Alors que l’on pouvait s’attendre à des secousses sur les marchés financiers suite au renversement du gouvernement Barnier par une motion de censure, force est de constater que la Bourse de Paris et les taux d’emprunt français font preuve d’une étonnante résilience. Le CAC 40 a même clôturé dans le vert jeudi, progressant de 0,37%. Quant à l’OAT à 10 ans, référence de la dette française, son taux a légèrement baissé à 2,88%. Comment expliquer cette apparente sérénité des investisseurs face aux turbulences politiques ?
Un scénario anticipé par les marchés
Selon plusieurs analystes, la chute du gouvernement était largement anticipée par les acteurs financiers. « Les cours des actions françaises, qui ont beaucoup baissé la semaine dernière, intègrent déjà la chute du gouvernement« , confirme Mabrouk Chetouane, chef économiste chez Natixis IM. Ainsi, les mauvaises nouvelles étant déjà « dans les cours », comme disent les boursiers, l’officialisation de la censure n’a pas provoqué de nouveau décrochage.
Une visibilité paradoxalement accrue
Aussi surprenant que cela puisse paraître, certains investisseurs considèrent que le départ forcé de l’exécutif pourrait apporter une meilleure visibilité sur l’évolution des finances publiques. « Paradoxalement, la motion de censure peut être perçue comme une bonne nouvelle par les investisseurs qui manquaient de plus en plus de visibilité sur le budget de la France« , souligne M. Chetouane.
Les investisseurs attendent désormais de voir quelles seront les orientations budgétaires du prochain gouvernement pour ajuster leurs positions.
Un stratégiste de marché
Des incertitudes persistent
Néanmoins, tous les observateurs s’accordent à dire que la situation reste hautement incertaine et que de nouveaux soubresauts ne sont pas à exclure. Plusieurs points d’interrogation demeurent, notamment sur la capacité des forces politiques à s’entendre rapidement pour former un nouveau gouvernement stable et sur la crédibilité du prochain budget qui sera présenté.
- Quelle coalition pour diriger le pays ?
- Quel cap budgétaire et quelles réformes ?
- Quelle réaction des agences de notation ?

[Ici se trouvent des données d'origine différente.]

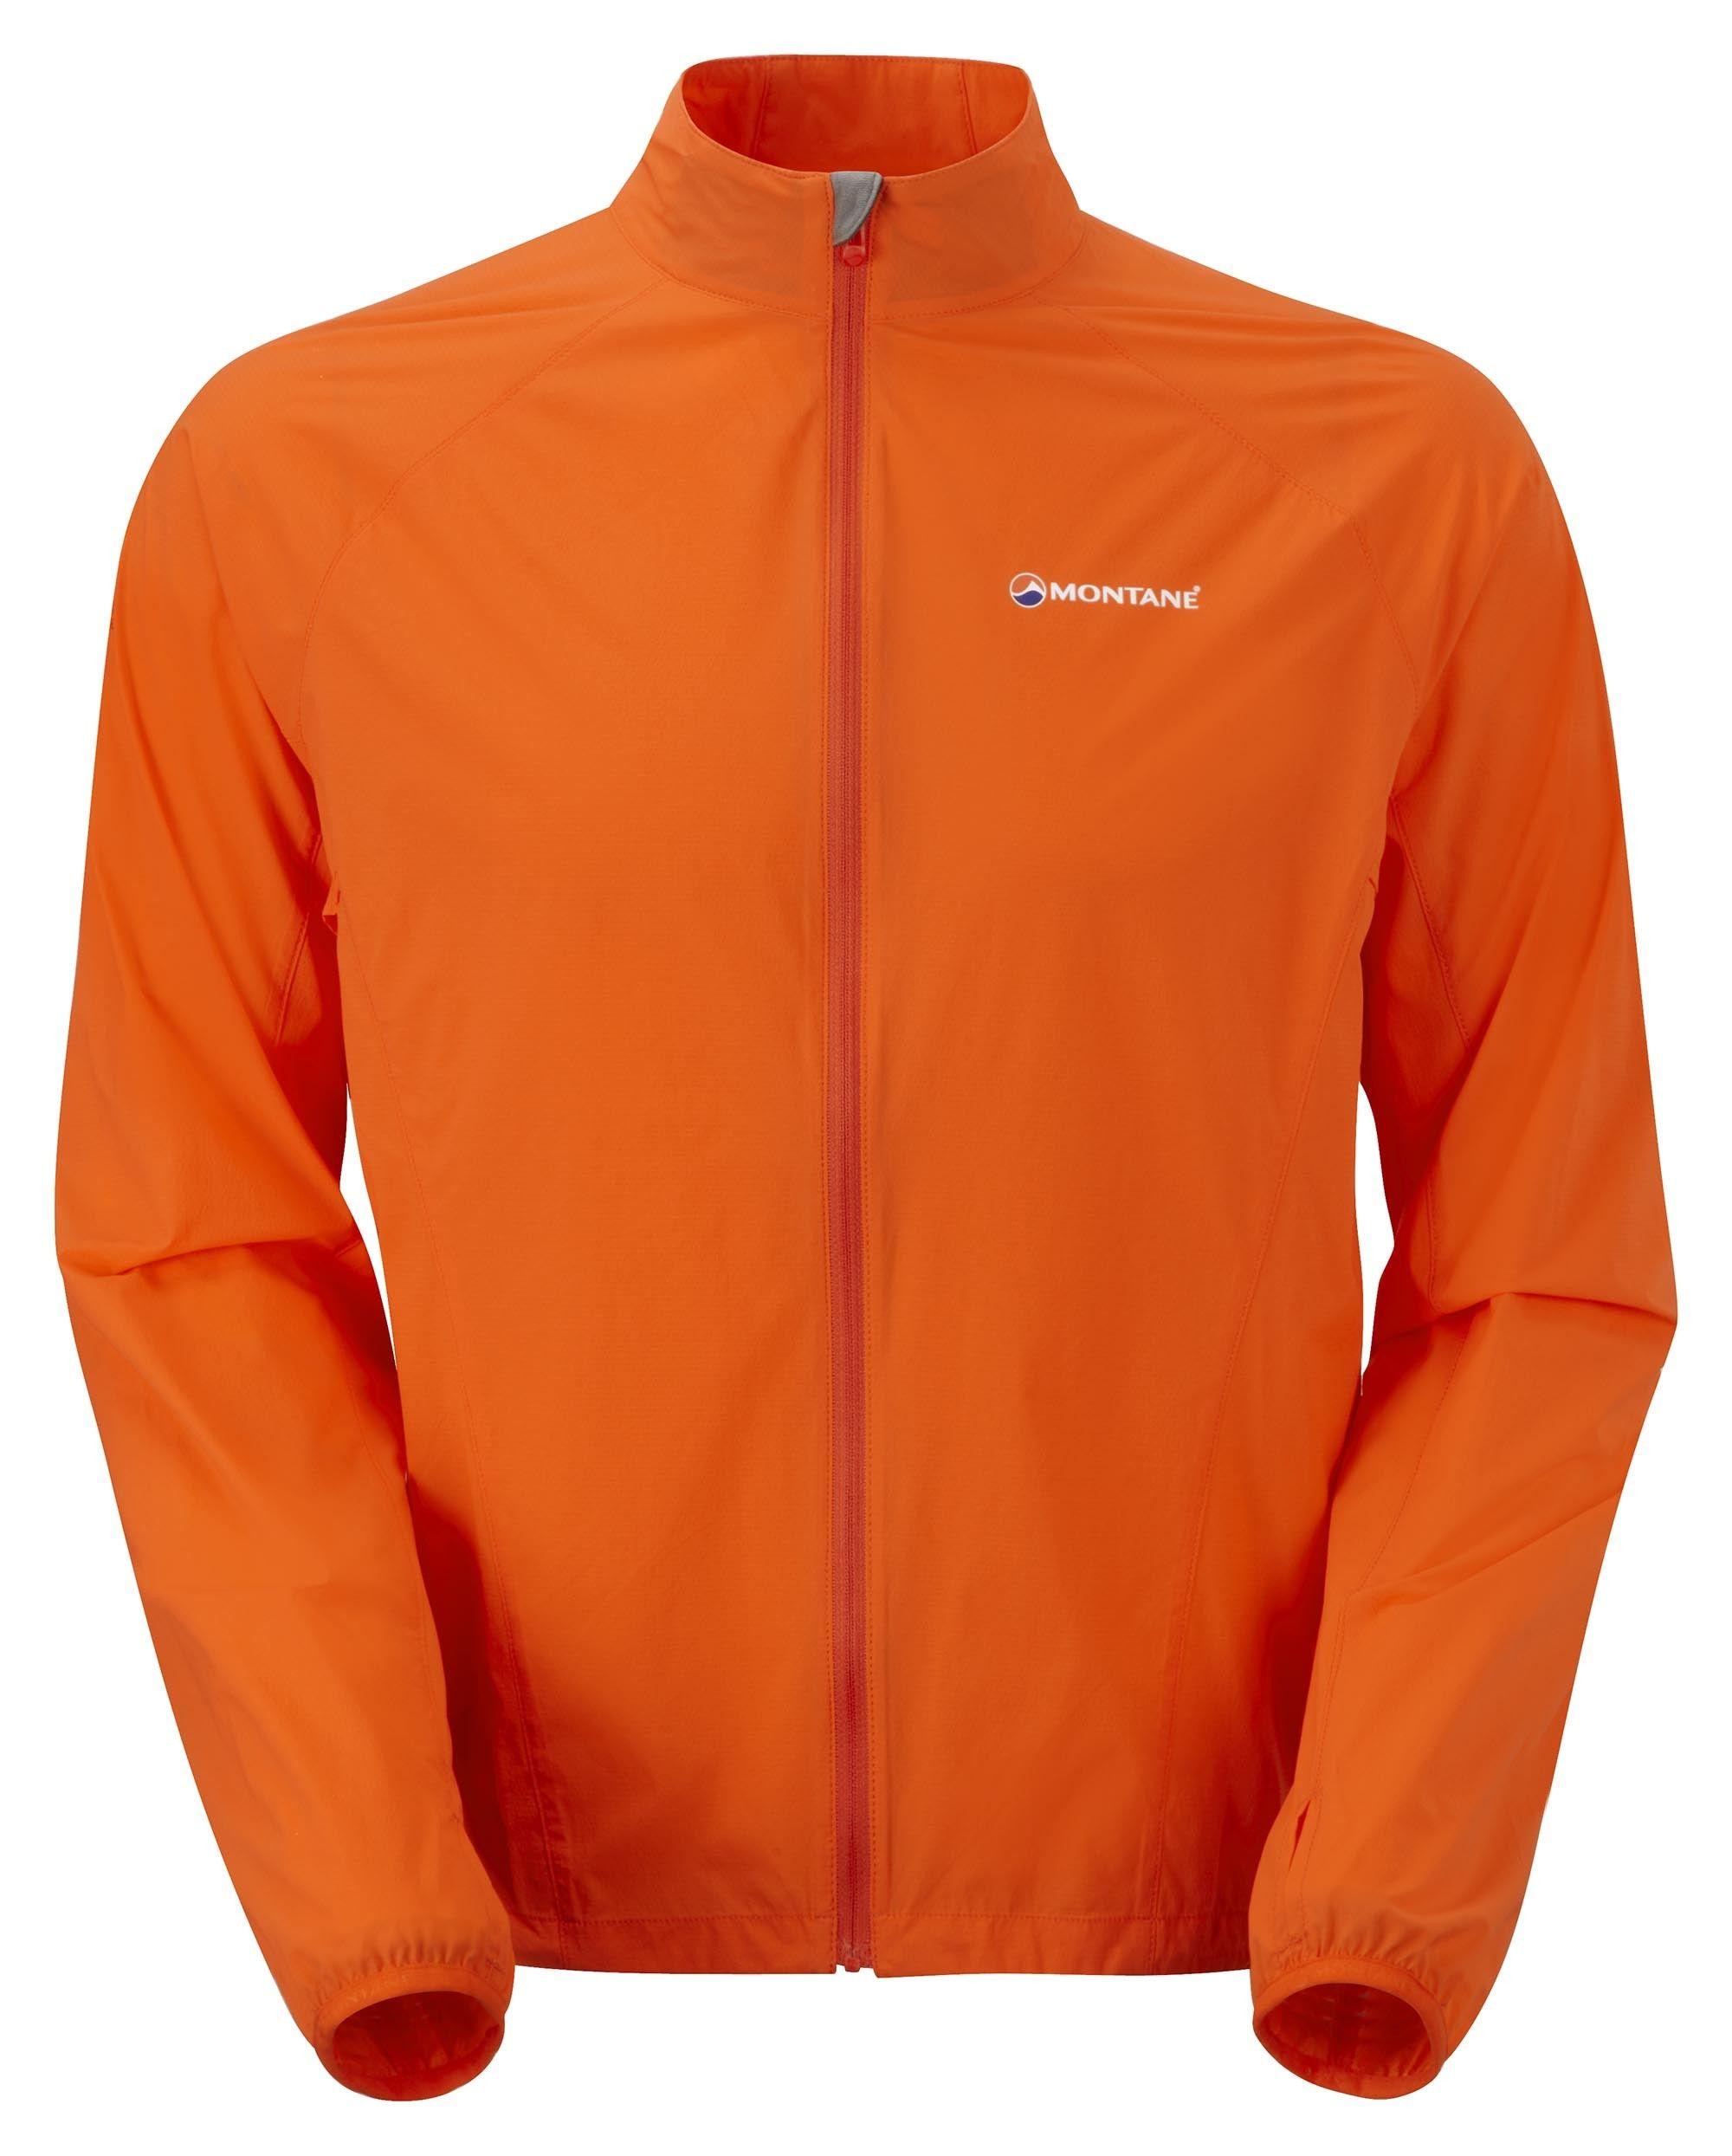 Montane Featherlite Trail Jacket Running jacket, Jackets

Autant de questions auxquelles les investisseurs seront très attentifs dans les prochains jours et les prochaines semaines. En attendant d’y voir plus clair, les marchés retiennent pour l’instant leur souffle, comme s’ils étaient sur un fil.
La BCE, filet de sécurité anti-crise
Par ailleurs, nombre d’analystes soulignent que même en cas de nouvelle dégradation de la note française par les agences de rating, l’impact serait amorti par la politique accommodante de la Banque centrale européenne. Son programme anti-crise et ses rachats d’actifs constituent un puissant filet de sécurité pour les pays endettés de la zone euro comme la France.
Tant que la BCE maintient ses taux bas et son soutien, le risque d’un dérapage incontrôlé des taux d’intérêt français reste contenu.
Un gérant obligataire
Vers une hausse des primes de risque ?
Certains avertissent toutefois que si la situation politique devait se dégrader durablement, avec par exemple une incapacité prolongée à former un gouvernement, les investisseurs pourraient finir par exiger des primes de risque plus élevées pour détenir de la dette française. Un scénario qui pénaliserait un pays dont la dette publique avoisine déjà les 120% du PIB.
Pour l’heure, les taux français demeurent à des niveaux historiquement bas, signe que les marchés font encore confiance à la signature de la France malgré la crise politique. Mais cette confiance n’est pas sans limite ni condition. Les prochaines semaines seront donc décisives pour jauger la réaction des marchés face aux remous de la vie politique hexagonale.
Un test grandeur nature pour l’économie française
Plus largement, l’épisode actuel constitue un véritable test pour la résilience économique et la stabilité financière de la France dans un contexte international déjà compliqué, entre guerre en Ukraine, envolée des prix de l’énergie et ralentissement de la croissance mondiale. Si les fondamentaux tricolores semblent solides, comme en témoigne la résistance actuelle de la Bourse et de la dette, rien ne garantit que cette immunité durera éternellement.
À travers la réaction des investisseurs et des marchés, c’est donc bien la solidité du modèle français qui est sur la sellette. Un modèle qui a su traverser bien des tempêtes par le passé mais qui n’est pas à l’abri d’une remise en cause si la classe politique échoue à restaurer rapidement la confiance et la lisibilité dont les acteurs économiques ont besoin. L’avenir nous dira si l’accalmie actuelle n’est qu’une brève embellie avant la tempête ou si l’économie française est désormais suffisamment robuste pour encaisser les chocs politiques.